A sample of gold ore contains 22.0 g of gold metal per 100kg of ore. If gold has a market value of $350.00 per oz., what mass of ore, in tons, must be refined to get one million dollars worth of pure gold?
You want 1E6 dollars at $350/oz so you need 1E6/350 = ??ounces Au.
Convert ??ounces to grams (the problem doesn't specify Troy oz or Avoirdupois oz so you may need to ask). Multiply that by 100,000/22 because it isn't 100% gold in the ore,convert that to pounds then to tons. Post your work if you get stuck.
To find the mass of ore that needs to be refined to obtain one million dollars worth of pure gold, we need to follow these steps:
Step 1: Determine the market value of one gram of gold.
Since there are 28.35 grams in an ounce, we can convert the market value of gold from dollars per ounce to dollars per gram:
$350.00 per oz. ÷ 28.35 g per oz. = $12.34 per g
Step 2: Determine the mass of pure gold required to equal one million dollars.
One million dollars divided by the market value per gram of gold gives us:
$1,000,000 ÷ $12.34 per g = 81,046.92 g
Step 3: Convert the mass of pure gold to kilograms.

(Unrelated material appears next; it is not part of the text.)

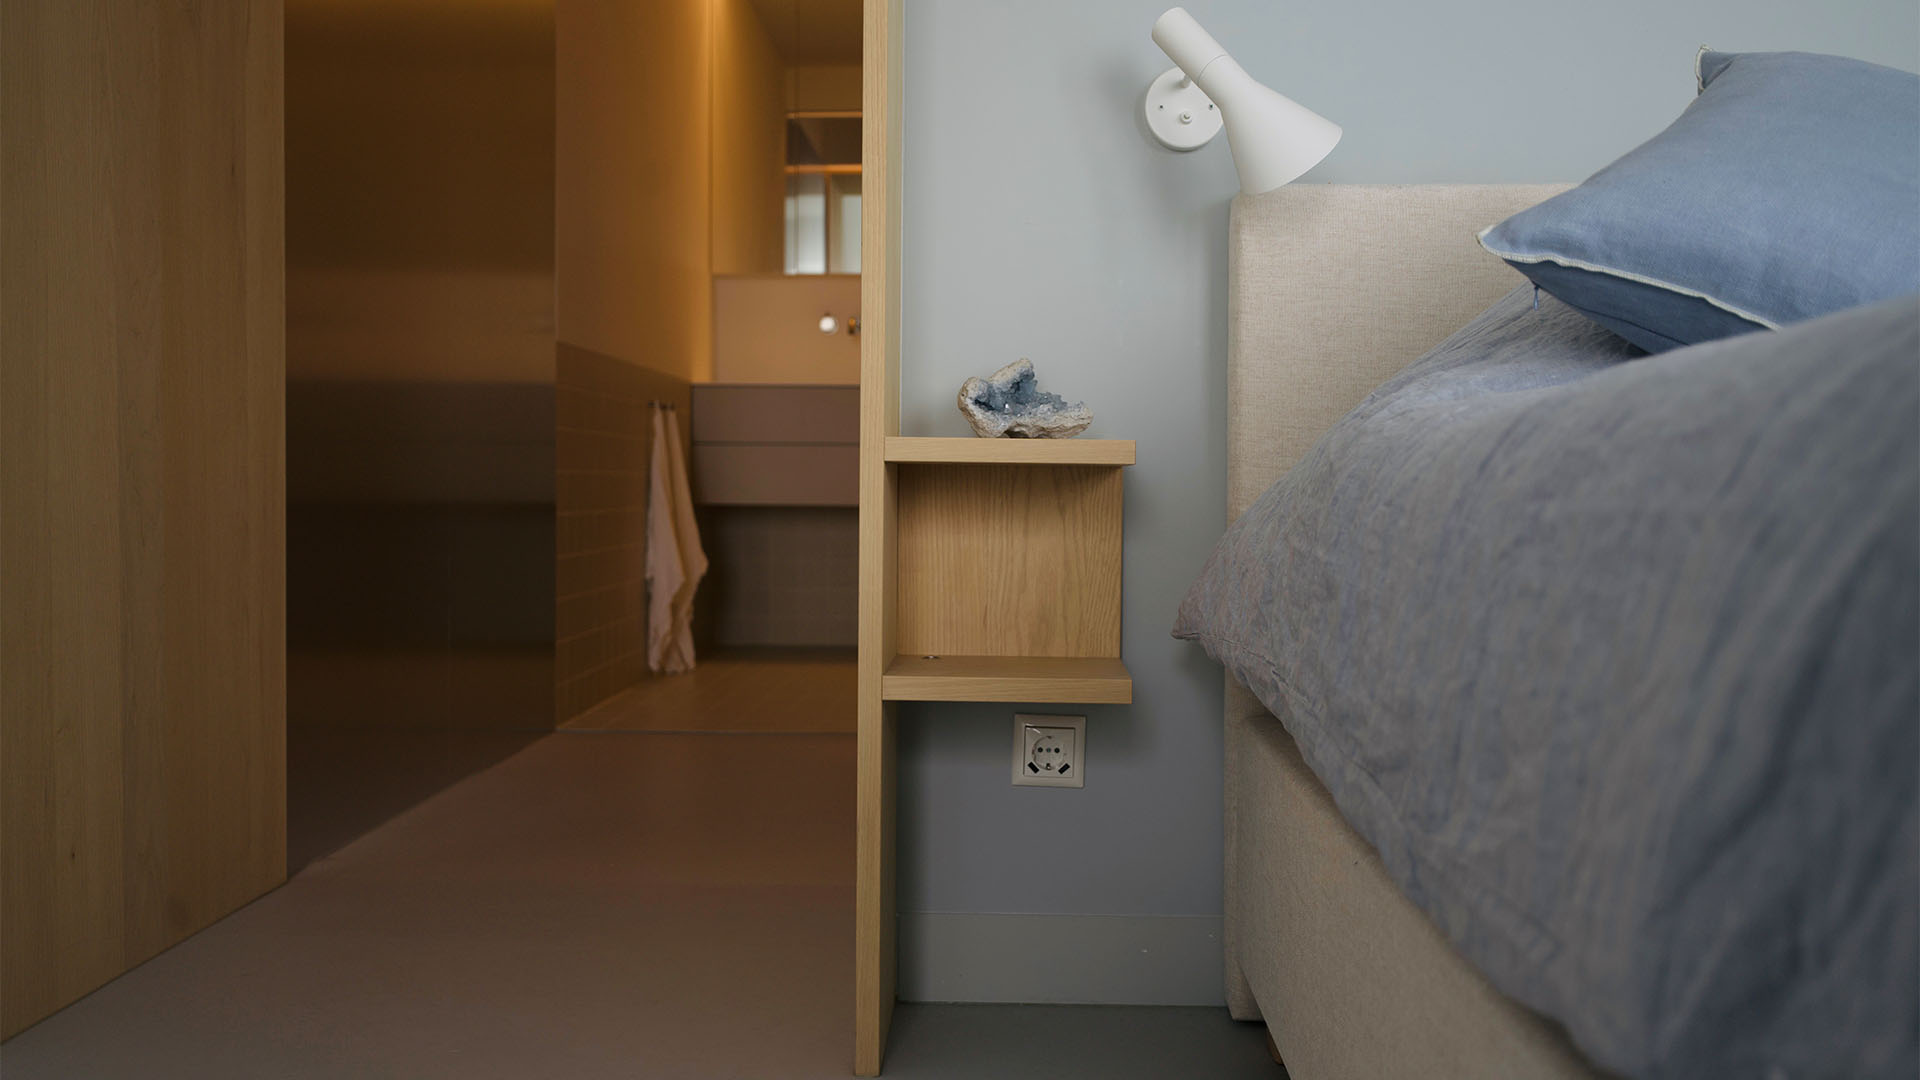 Maaskant meubel- en interieurbouw - projecten - wonen - Zalmhaventoren - Rotterdam - appartement - slaapkamer

Since there are 1,000 grams in a kilogram:
81,046.92 g ÷ 1,000 g per kg = 81.05 kg
Step 4: Determine the mass of ore needed to obtain the desired mass of pure gold.
The mass of gold metal per 100 kg of ore is given as 22.0 g. Therefore, the mass of ore needed can be calculated as:
81.05 kg × (100 kg / 22.0 g) = 368.41 kg
Step 5: Convert the mass of ore to tons.
Since there are 1,000 kg in a ton:
368.41 kg ÷ 1,000 kg per ton = 0.37 tons
Therefore, approximately 0.37 tons of ore must be refined to obtain one million dollars worth of pure gold.